Re: [OMPI users] Segmentation fault in OpenMPI 1.8.1

2014-08-18 Thread Maxime Boissonneault

Indeed, that makes sense now.

Why isn't OpenMPI attempting to connect with the local loop for same 
node ? This used to work with 1.6.5.


Maxime

Le 2014-08-18 13:11, Ralph Castain a écrit :

Yep, that pinpointed the problem:

[helios-login1:28558] [[63019,1],0] tcp:send_handler CONNECTING
[helios-login1:28558] [[63019,1],0]:tcp:complete_connect called for peer 
[[63019,0],0] on socket 11
[helios-login1:28558] [[63019,1],0]-[[63019,0],0] tcp_peer_complete_connect: 
connection failed: Connection refused (111)
[helios-login1:28558] [[63019,1],0] tcp_peer_close for [[63019,0],0] sd 11 
state CONNECTING
[helios-login1:28558] [[63019,1],0] tcp:lost connection called for peer 
[[63019,0],0]


The apps are trying to connect back to mpirun using the following addresses:

tcp://10.10.1.3,132.219.137.36,10.12.1.3:34237

The initial attempt is here

[helios-login1:28558] [[63019,1],0] orte_tcp_peer_try_connect: attempting to 
connect to proc [[63019,0],0] on 10.10.1.3:34237 - 0 retries

I know there is a failover bug in the 1.8 series, and so if that connection got 
rejected the proc would abort.
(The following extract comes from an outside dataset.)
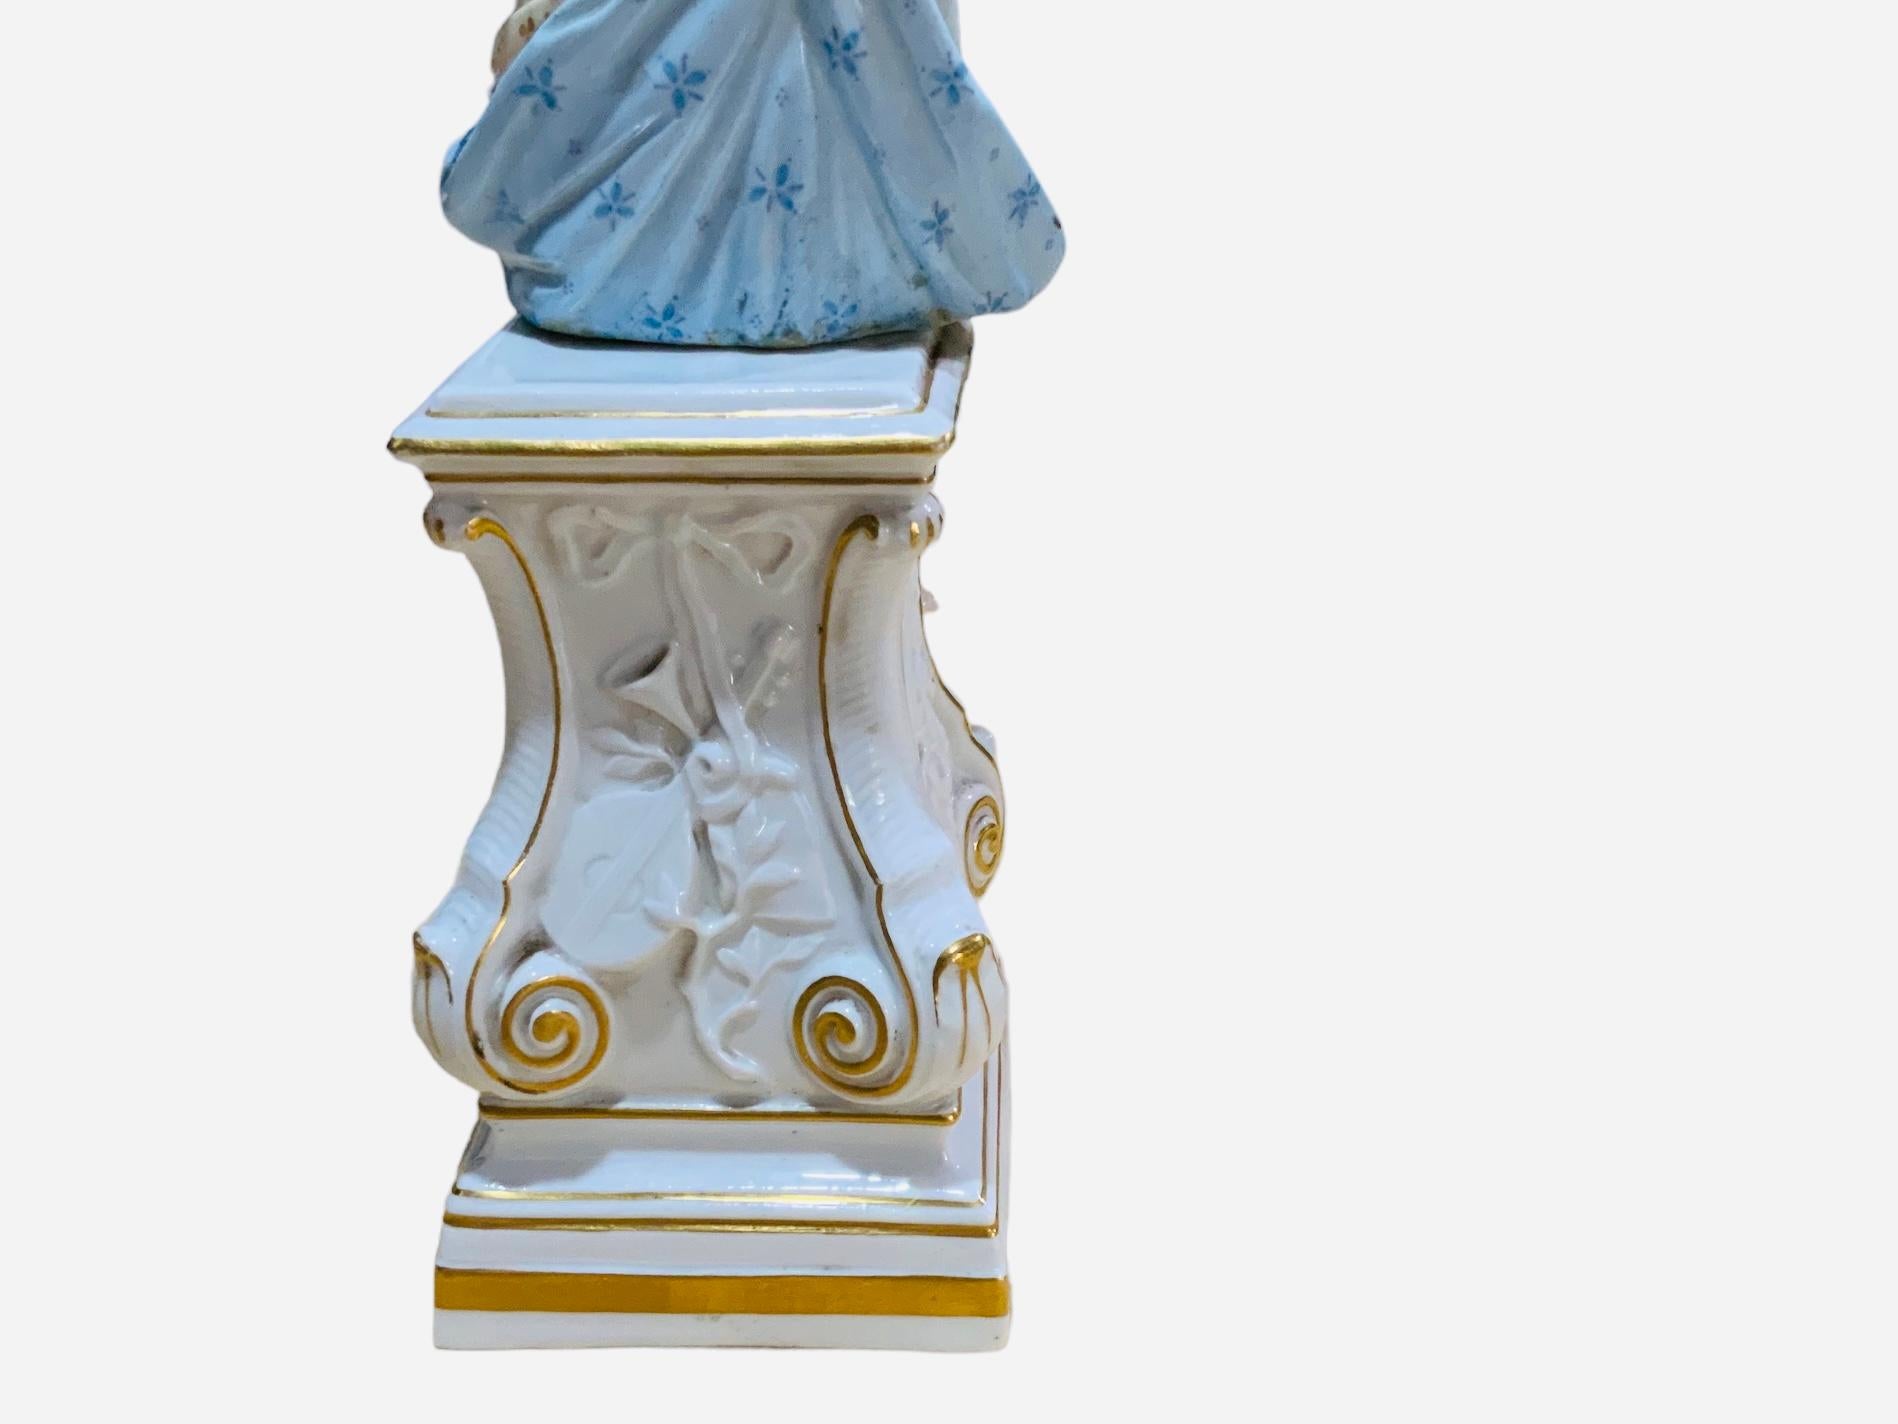 Figurine de la Muse de la mythologie grecque en porcelaine de Meissen jouant du luth. Elle peut être Erato, l'a.muse de la poésie lyrique, en particulier de la poésie érotique et de l'imitation mimique. Elle représente une femme vêtue d'une robe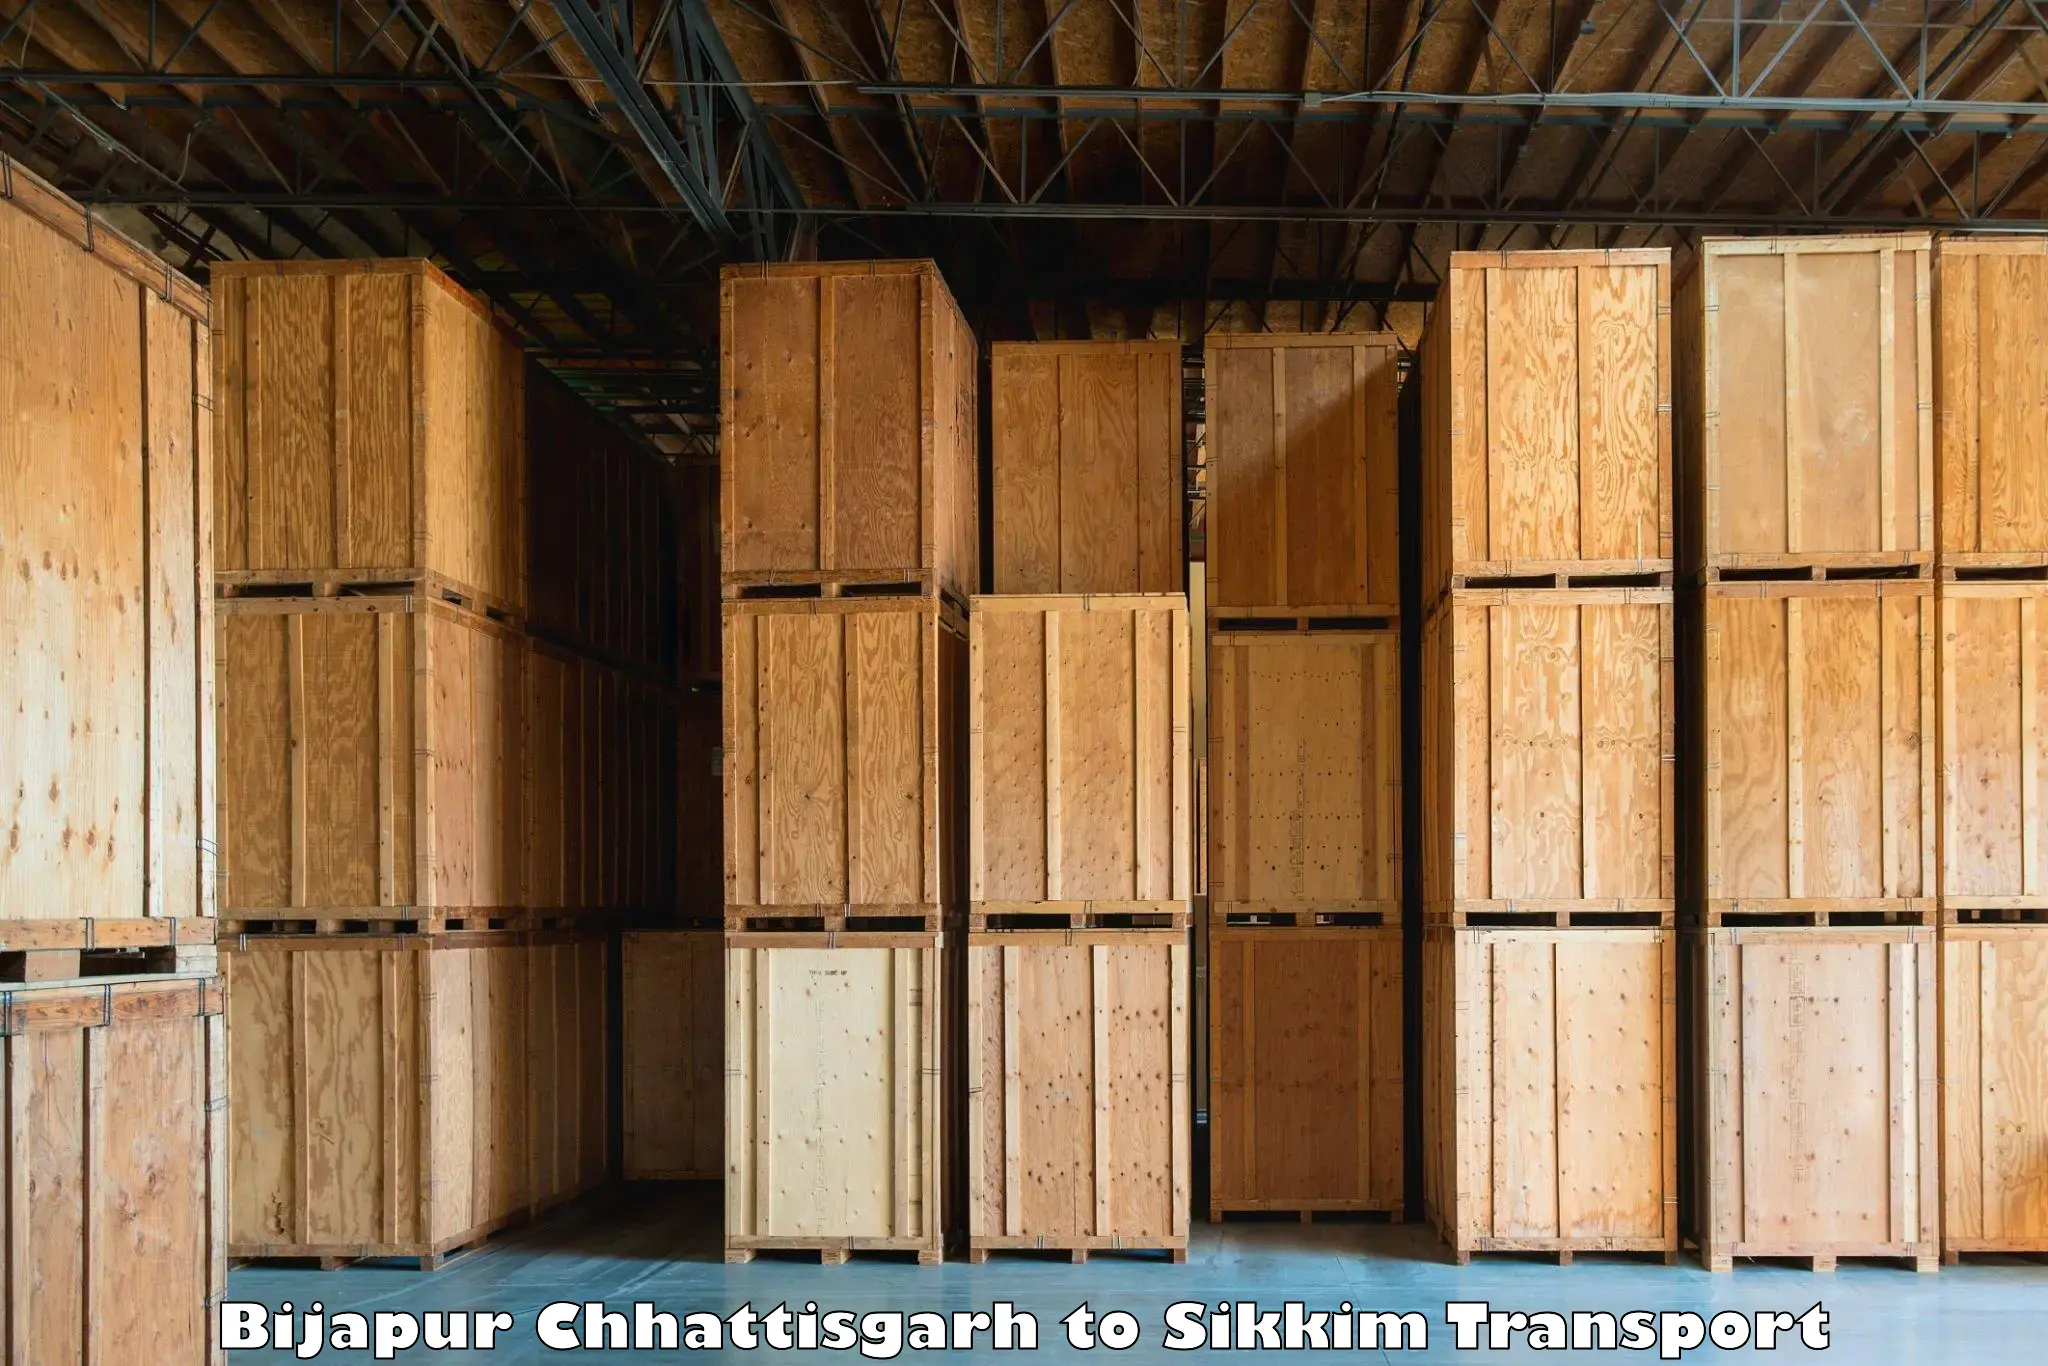 Cargo train transport services Bijapur Chhattisgarh to North Sikkim

Should we be using a different network? If so, 
telling us via the oob_tcp_if_include param would be the solution.


On Aug 18, 2014, at 10:04 AM, Maxime Boissonneault 
 wrote:


Here it is.

Maxime

Le 2014-08-18 12:59, Ralph Castain a écrit :

Ah...now that showed the problem. To pinpoint it better, please add

-mca oob_base_verbose 10

and I think we'll have it

On Aug 18, 2014, at 9:54 AM, Maxime Boissonneault 
 wrote:


This is all one one node indeed.

Attached is the output of
mpirun -np 4 --mca plm_base_verbose 10 -mca odls_base_verbose 5 -mca 
state_base_verbose 5 -mca errmgr_base_verbose 5  ring_c |& tee 
output_ringc_verbose.txt


Maxime

Le 2014-08-18 12:48, Ralph Castain a écrit :

This is all on one node, yes?

Try adding the following:

-mca odls_base_verbose 5 -mca state_base_verbose 5 -mca errmgr_base_verbose 5

Lot of garbage, but should tell us what is going on.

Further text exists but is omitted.